Story of the song: Surf’s Up by The Beach Boys
From The Independent archive: Robert Webb on the magical but unsettling ‘Surf’s Up’
The Beach Boy Mike Love was not a happy surfer in early 1967. Brian Wilson’s new-found urge to fiddle with the formula of surfing, girls and cars that had made the band’s name was bothering him. Love’s main bone of contention was the experimental material his cousin had recorded for Smile, The Beach Boys’ intended follow-up to Pet Sounds. It was abandoned soon afterwards, and is still unreleased as a full work, but Smile’s painstakingly constructed soundscapes make it one of pop’s legendary lost masterpieces.
Salvaged from the Smile flotsam, “Surf’s Up” became the title track of The Beach Boys’ renaissance album, released in 1971. Recorded some five years earlier, it is one of their most intriguing songs. Its unsettling tempo changes, swelling harmonies and abstruse imagery cast a curious magic, especially in lines such as: “Dove nested towers the hour was/ Strike the street quicksilver moon/ Carriage across the fog/ Two-step to lamp lights cellar tune”.
The lyrics were penned by the maverick producer and musician Van Dyke Parks. The bespectacled 24-year-old had no track record as a lyricist, but he had helped to arrange the music for the Disney animated film The Jungle Book and he told stories of how, as a junior chorister, he was once accompanied on violin by an elderly Albert Einstein. That was enough for Brian. “He had a good personality and I thought maybe he could be a good writer,” he said. The two collaborators bedded down in Brian’s “sandbox” - a low-walled, sand-filled enclosure in the dining room of his California home - and worked away on Wilson's Chickering piano.

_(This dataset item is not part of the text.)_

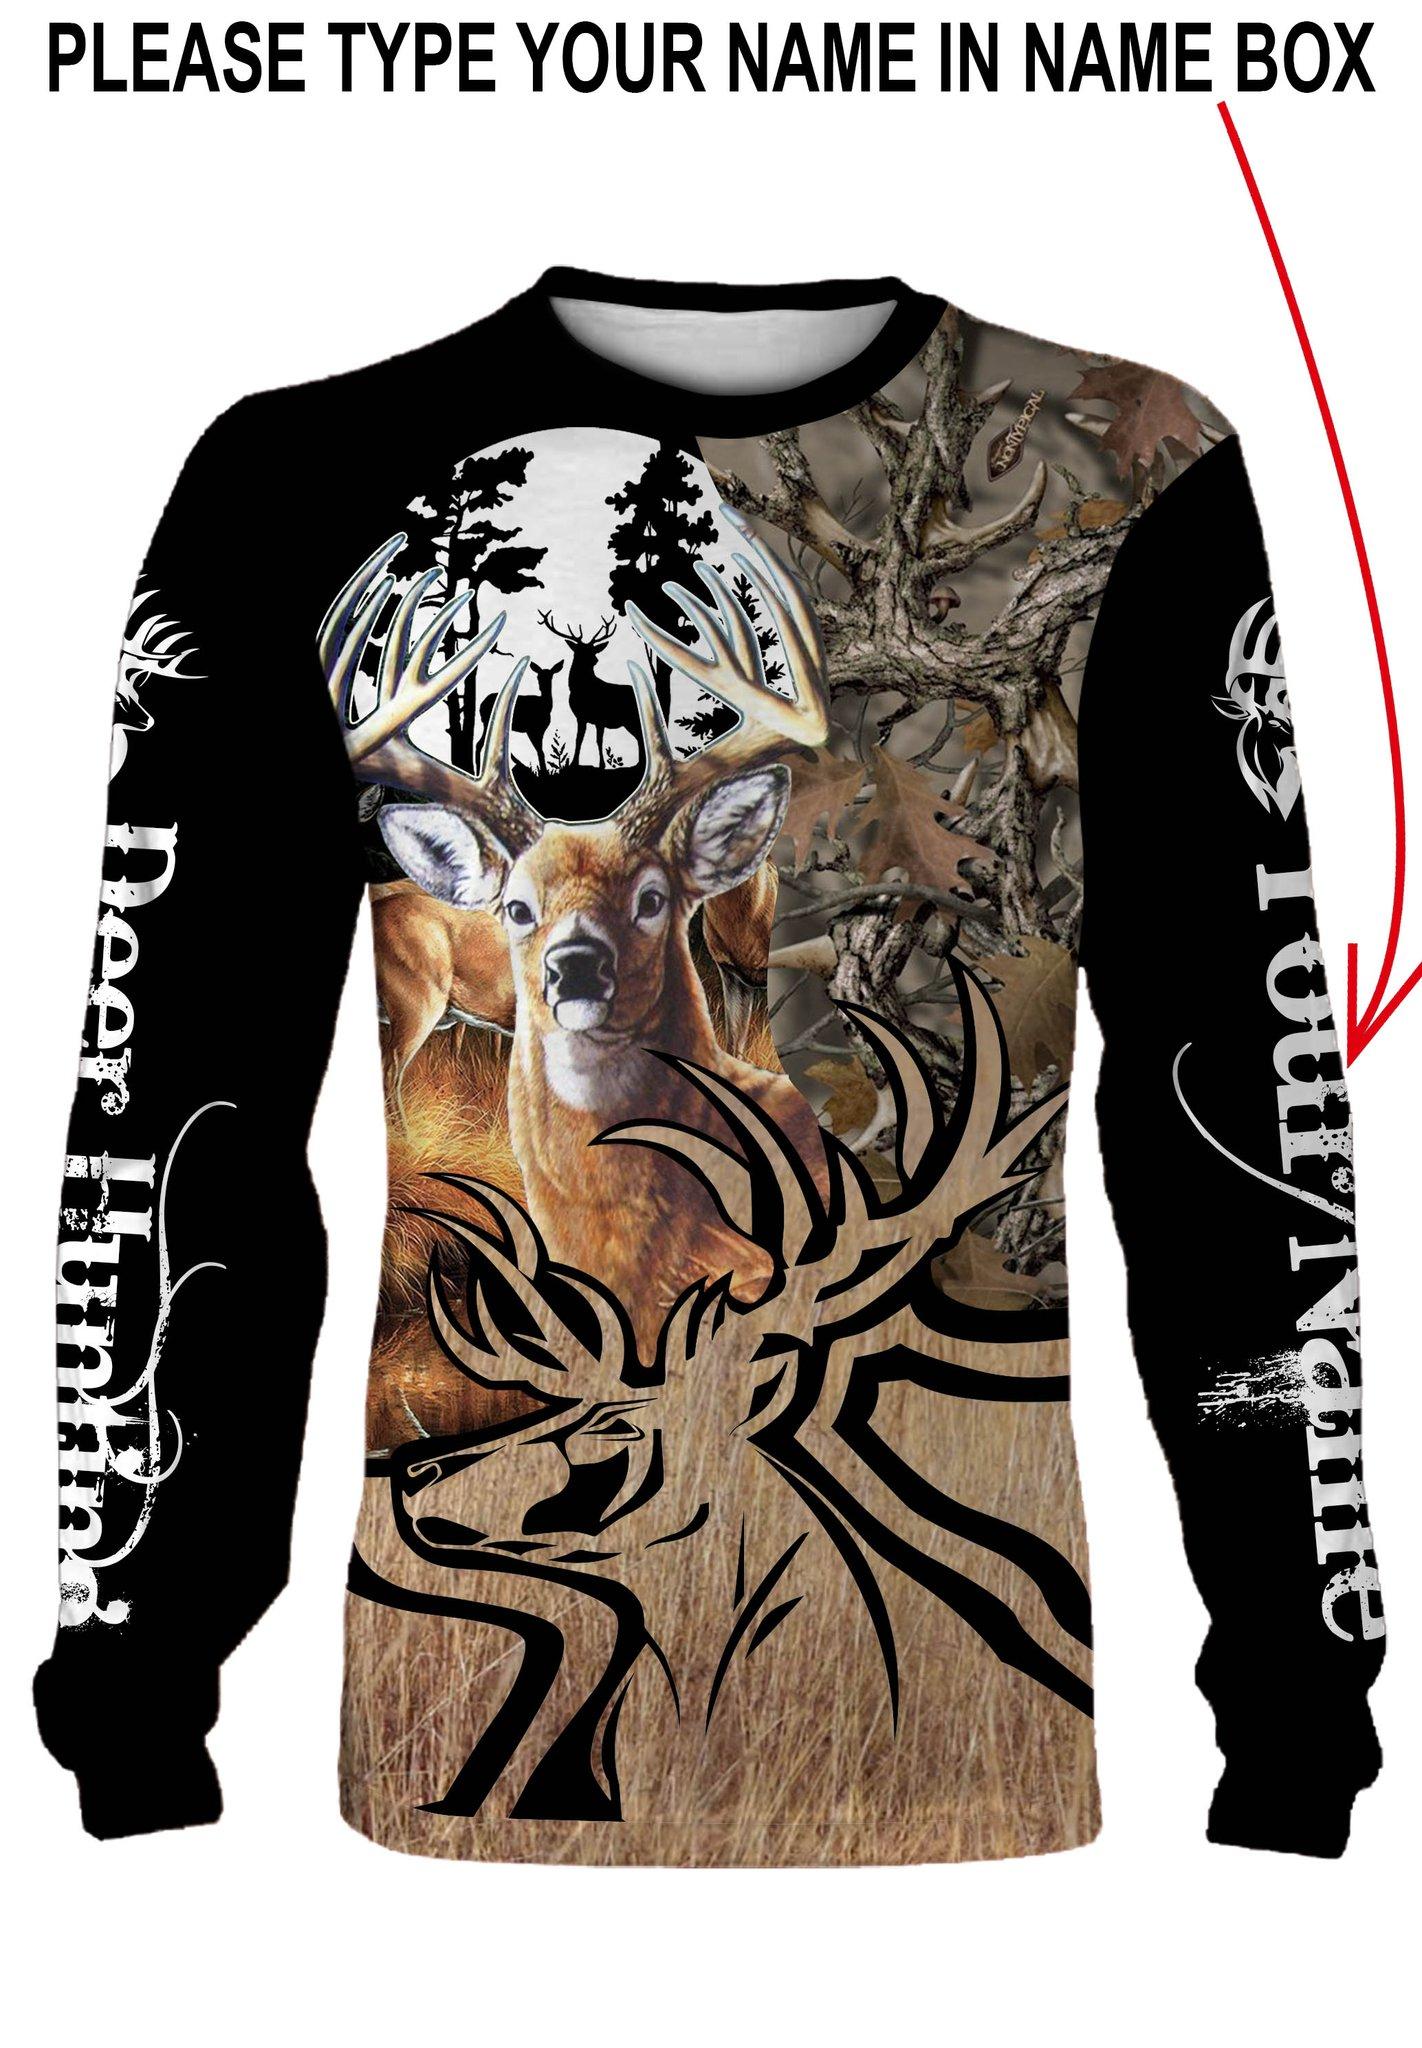 Deer hunting personalized full printing sweatshirt

“It took us about an hour at most to write the whole thing. We wrote it pretty fast; it all happened like it should,” Wilson said. “I was blown out, I was really blown out by it. That guy blew me out.”
Love was very much not blown away by Parks’s writing. “At the time, I thought his lyrics were alliterate prose, which is great if you appreciated his prose and his alliteration,” he commented. “He’s brilliant. But as far as translating to mid-American commercial appeal, I don’t think so.”
The song was never going to make the Billboard top 100, but it stands as one of the band’s most critically acclaimed recordings. Ask Parks about his lines, though, and he’ll shrug. “I still can’t say what they mean,” he says. “But I know how they make me feel all things considered.”